- Born: 1935 Peepeekisis Cree Nation
- Died: 16 January 2023
- Organization: Canadian Indigenous Nurses Association

= Ann Thomas Callahan =

Canadian Cree nurse (1935–2023)

Ann Thomas Callahan (c. 1935 – 16 January 2023) was a Canadian Cree nurse. She was one of the first Indigenous graduates of the Winnipeg General Hospital's nursing school.

==Early life==
Callahan was born on the Peepeekisis Cree Nation in Saskatchewan to Nora and John Thomas, and was granted the spirit name "Wapiskisiw Piyésís" (meaning White Birdwoman) by an elder at age four. She attended the File Hills Residential School, and went to Manitoba for secondary school at Birtle Indian Residential.

==Career==
Callahan was one of the first Indigenous graduates of the Winnipeg General Hospital's nursing school, convocating in 1958. She was head nurse of a gynecology ward before joining a new organization, Continuing Care for People in Need, founded in 1973 to support the health needs of those in Winnipeg's core. She also taught in the nursing program at Red River College, retiring in 1996. After retirement she attended university, achieving a bachelor's degree focused on psychology and a masters in interdisciplinary studies.
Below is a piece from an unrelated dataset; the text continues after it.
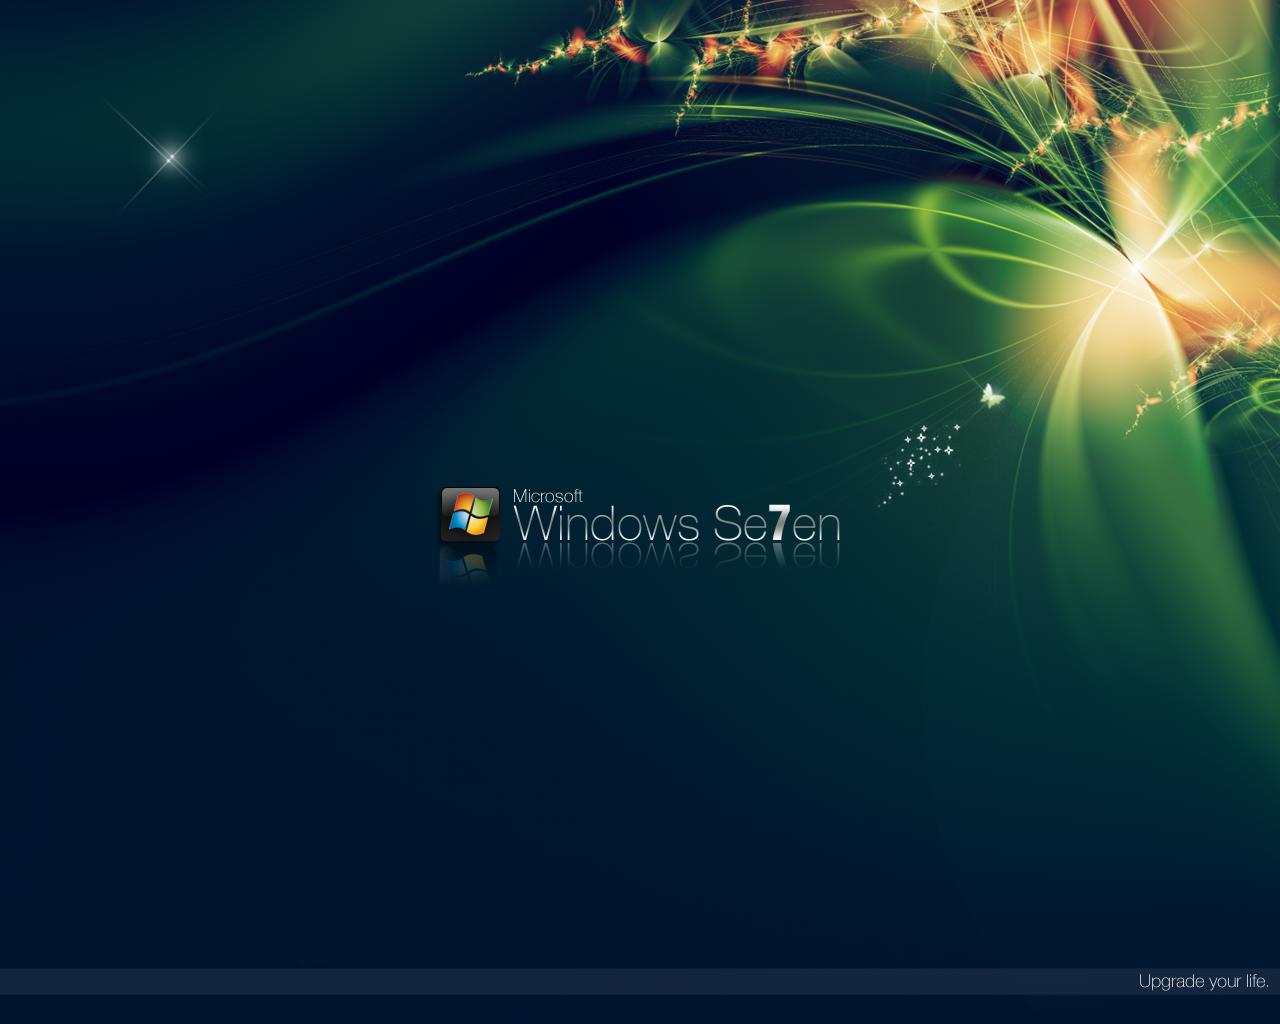 Download Wallpapers: Windows 7 Wallpapers

She wrote her masters thesis on "the reclamation and retention of Aboriginal spirituality of Indian Residential School Survivors", specifically considering alumni of her own former school, File Hills.

==Legacy==
Callahan was the namesake of a new critical services building at the Health Sciences Centre, which at the time of its opening in 2007 was the "largest health capital project in Manitoba history". She was also involved in the creation of the Registered Nurses of Canadian Indian Ancestry, now called the Canadian Indigenous Nurses Association, considered the country's first professional organization for Indigenous peoples. The association presented her with a Lifetime Achievement Award in 2014.